Hyperbolic trigonometric functions as approximation kernels and their properties I: generalised Fourier transforms
Martin Buhmann, Joaquín Jódar, Miguel L. Rodríguez
TL;DR
This work develops a flexible class of hyperbolic-trigonometric radial basis kernels, notably $\phi(r)=r^{\beta}\tanh^{\alpha} r$ (and variants with $\log r$ factors), and analyzes their generalised Fourier transforms to derive near-origin and asymptotic behavior. By applying Strang–Fix conditions, the authors construct quasi-interpolants from shifted kernels, including non-classical designs that cancel kernel singularities with trigonometric factors to achieve polynomial reproduction up to a finite degree. They extend the kernel family to $g(x)=r^{\beta}(\tanh r)^{\alpha}$ (and variants with logarithms), enabling adjustable near-zero smoothness and global growth, and provide explicit coefficients for the associated quasi-Lagrange functions.
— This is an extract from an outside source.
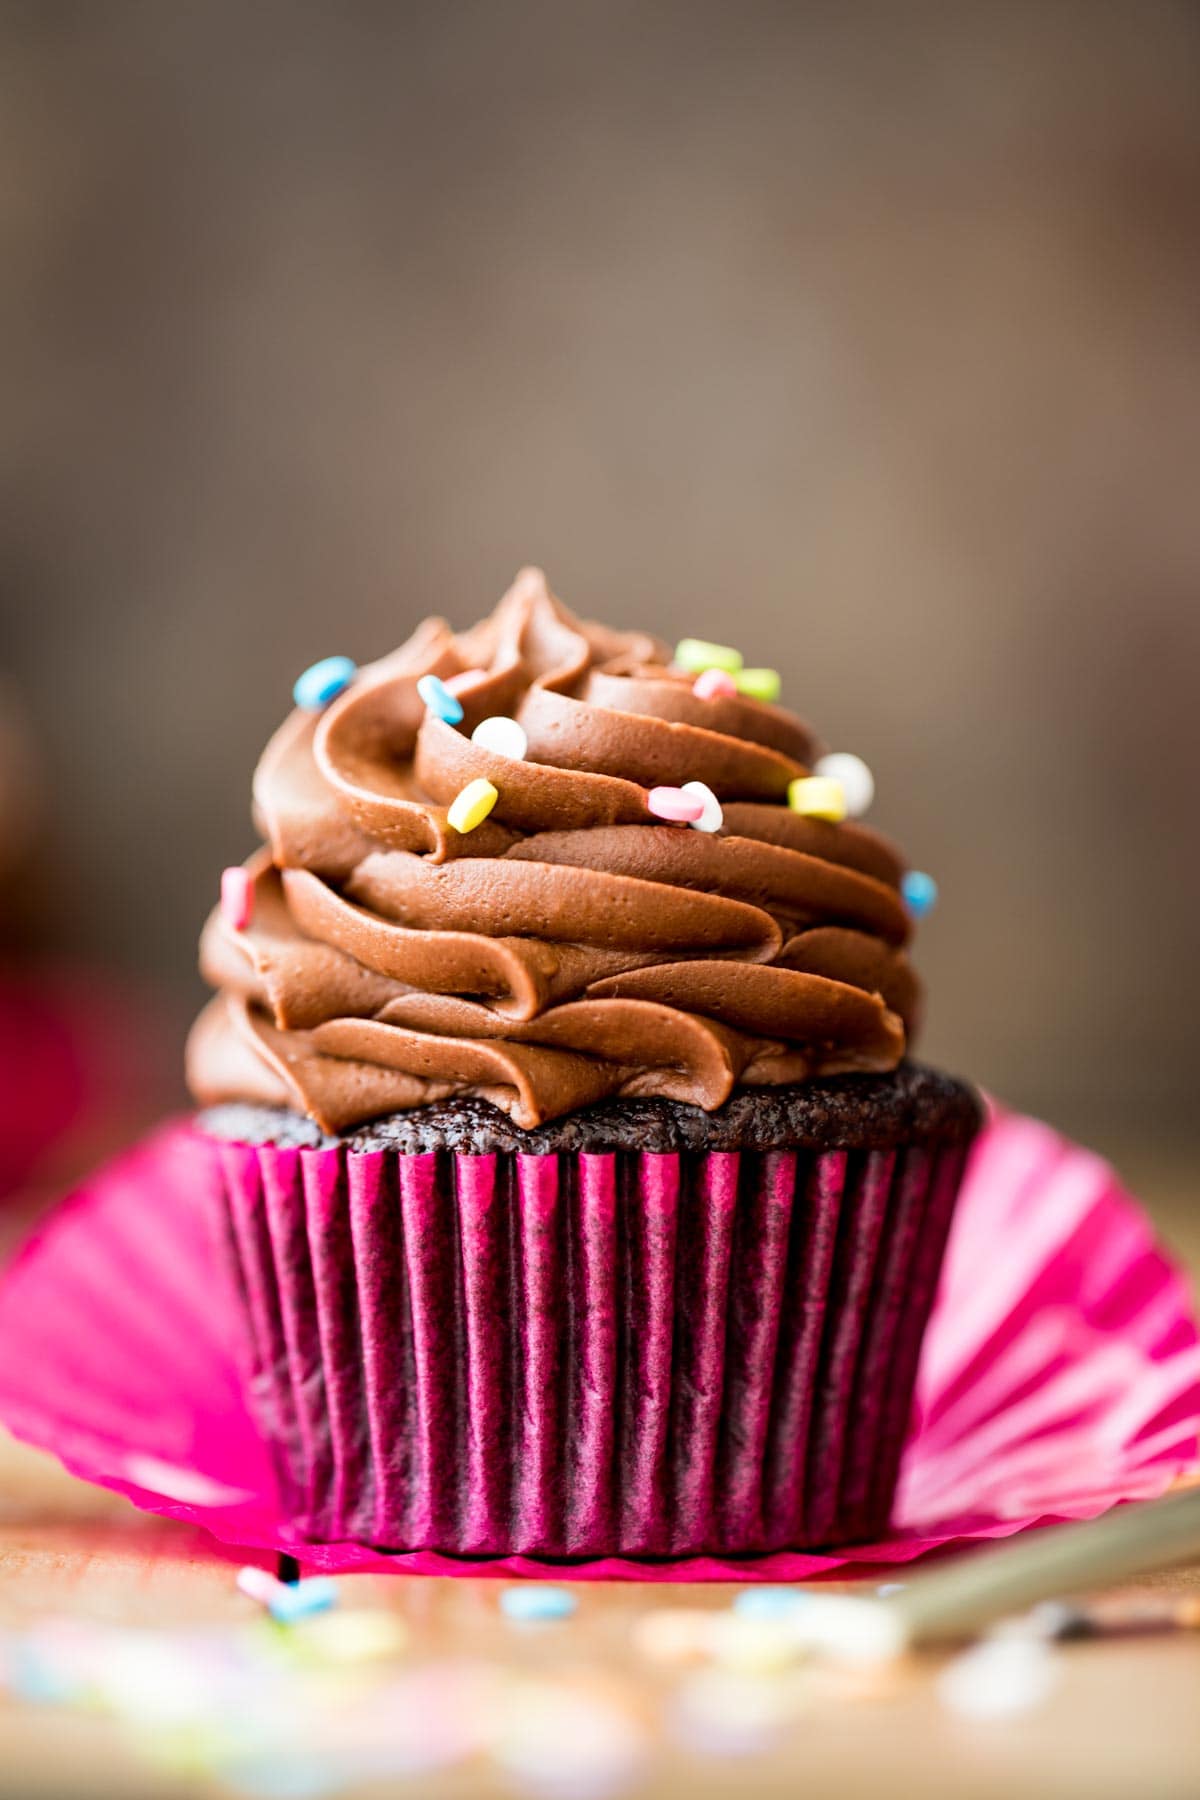 head-on view of a chocolate cupcake in a hot pink cupcake wrapper topped with piped chocolate frosting and rainbow sprinkles 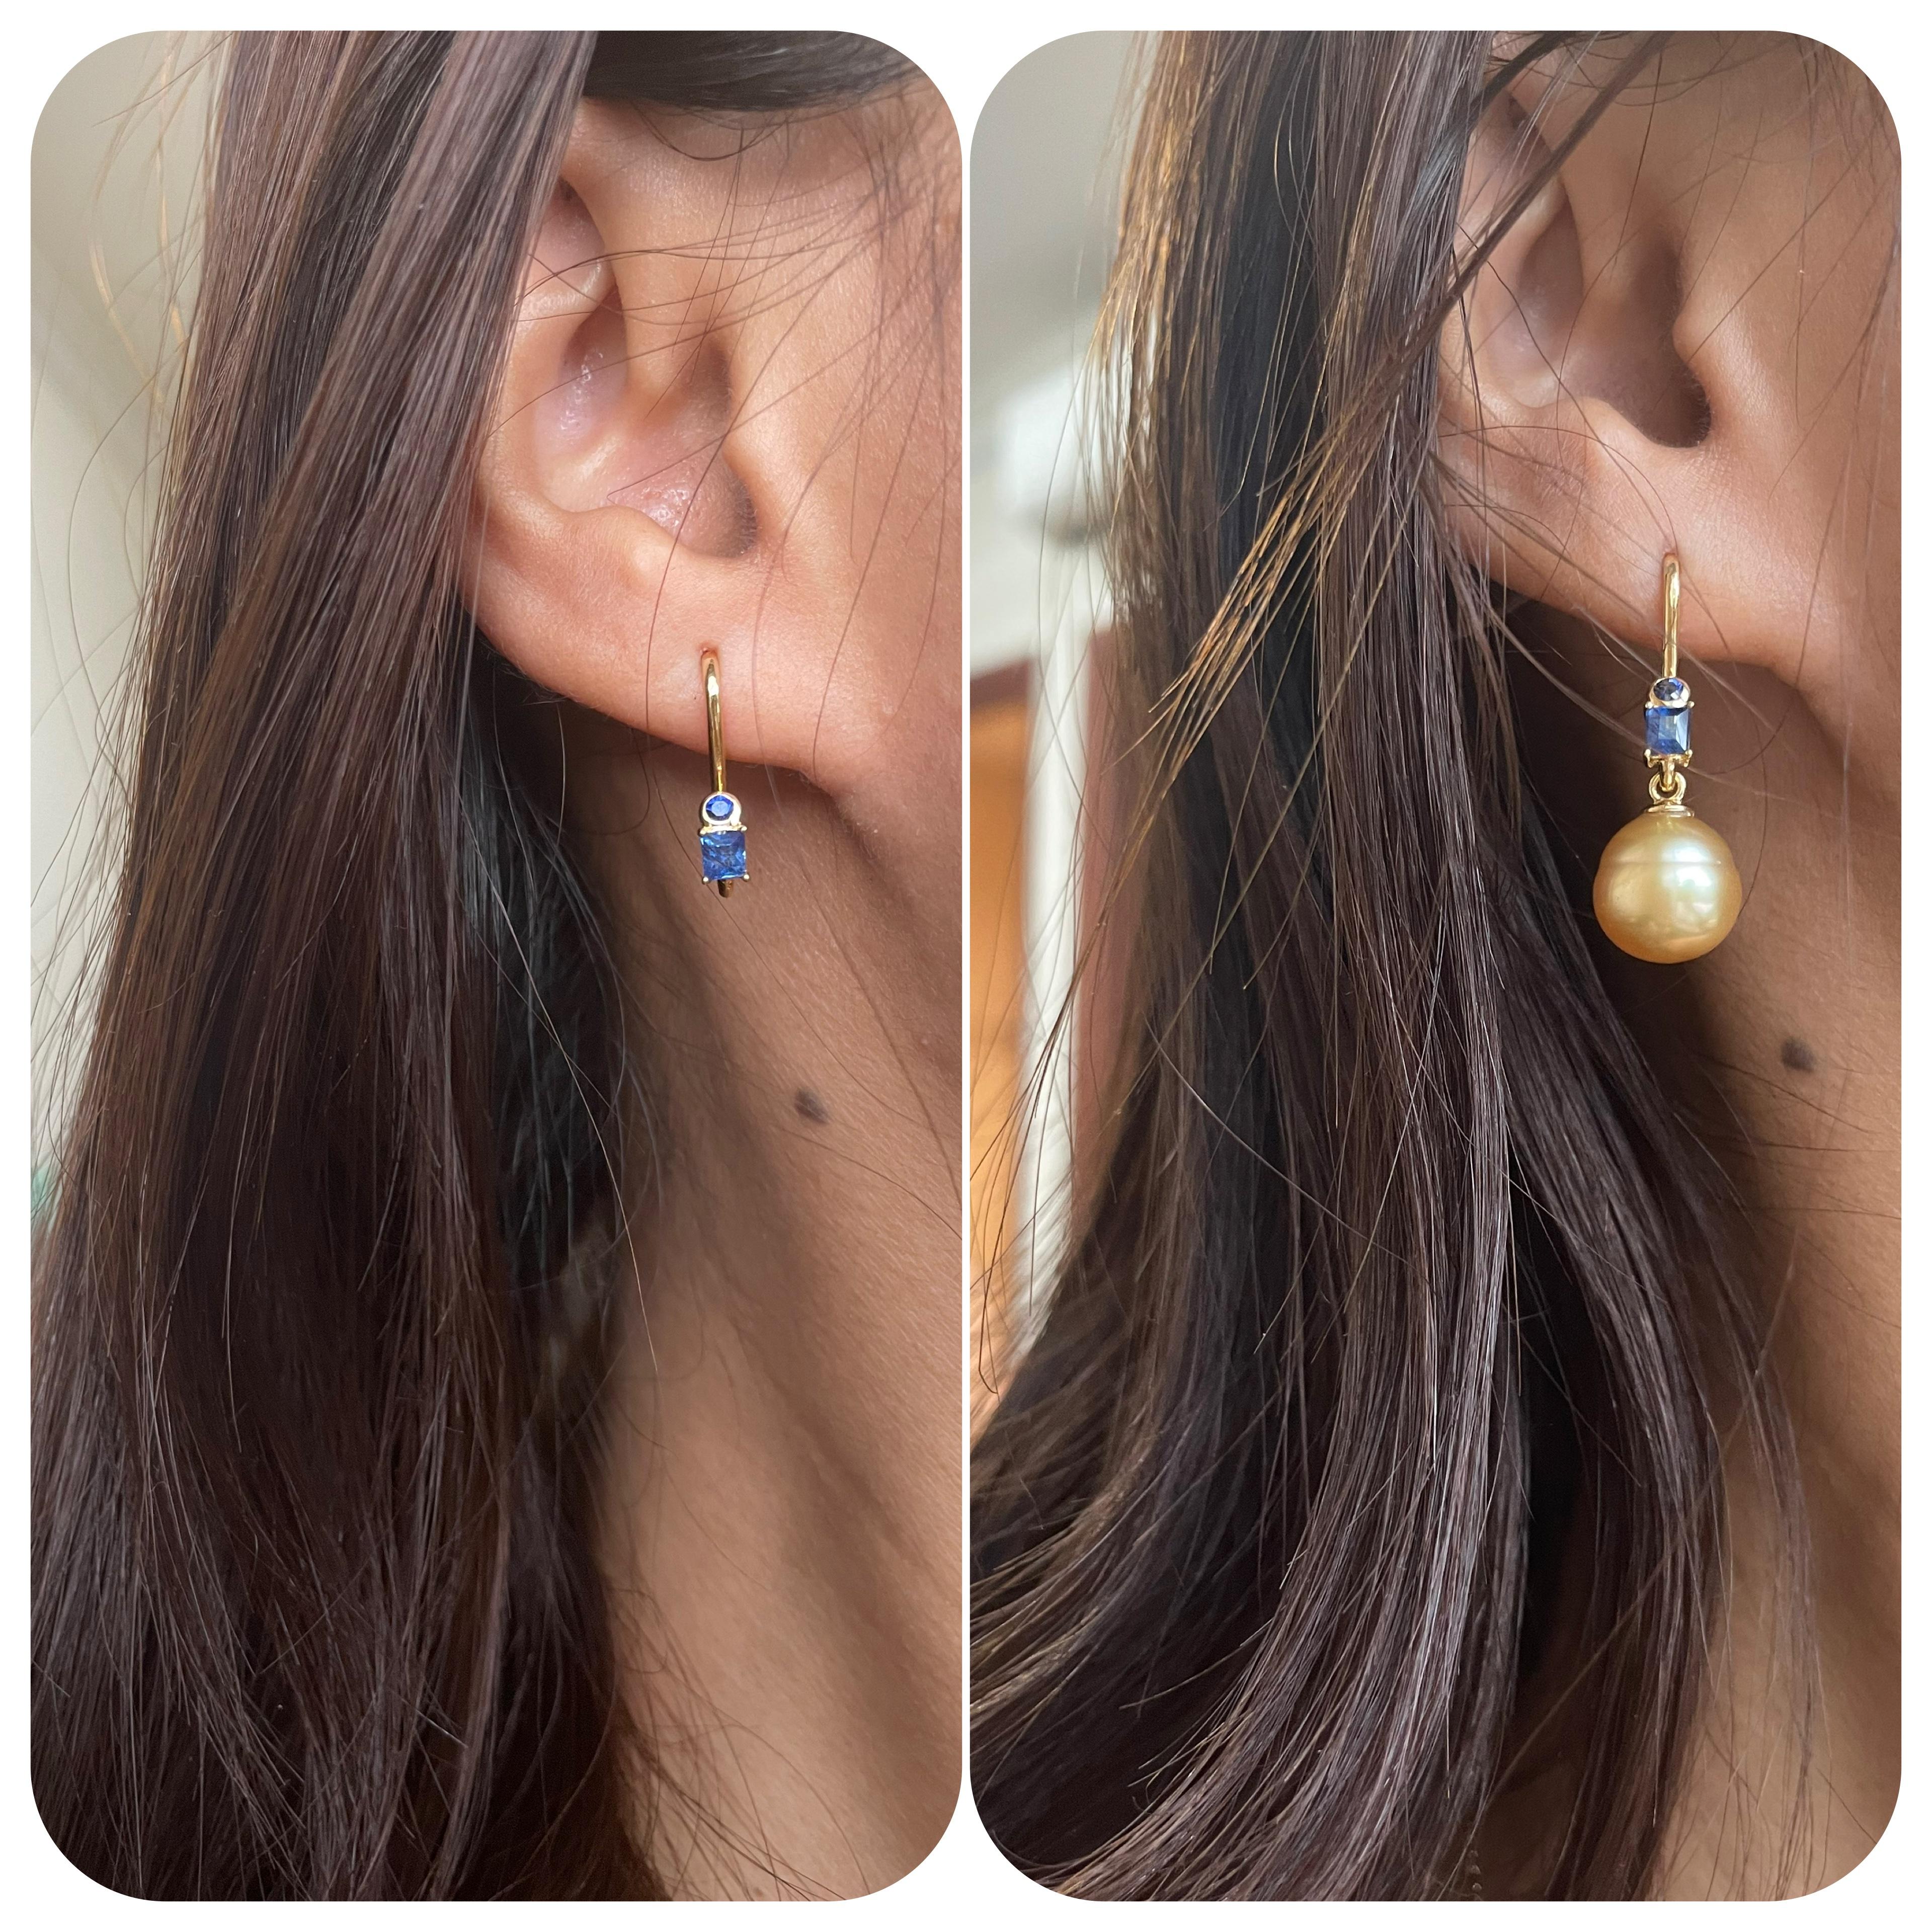 Brilliant Cut French wire earring with unheated blue sapphire earring in 18k solid gold

Numerical experiments in 1D and 2D illustrate the method’s ability to reproduce polynomials with controlled convergence and demonstrate competitive accuracy across several kernel choices. Overall, the paper offers a tunable, spline-inspired RBF framework with rigorous Fourier-analytic foundations and practical quasi-interpolation schemes for high-dimensional approximation tasks.
Abstract
In this paper a new class of radial basis functions based on hyperbolic trigonometric functions will be introduced and studied. We focus on the properties of their generalised Fourier transforms with asymptotics. Therefore we will compute the expansions of these Fourier transforms with an application of the conditions of Strang and Fix in order to prove polynomial exactness of quasi-interpolants. These quasi-interpolants will be formed with special linear combinations of shifts of the new radial functions and we will provide explicit expressions for their coefficients. In establishing these new radial basis functions we will also use other, new classes of shifted thin-plate splines and multiquadrics of [11], [12]. There are numerical examples and comparisons of different constructions of quasi-interpolants, in several dimensions, varying the underlying radial basis functions.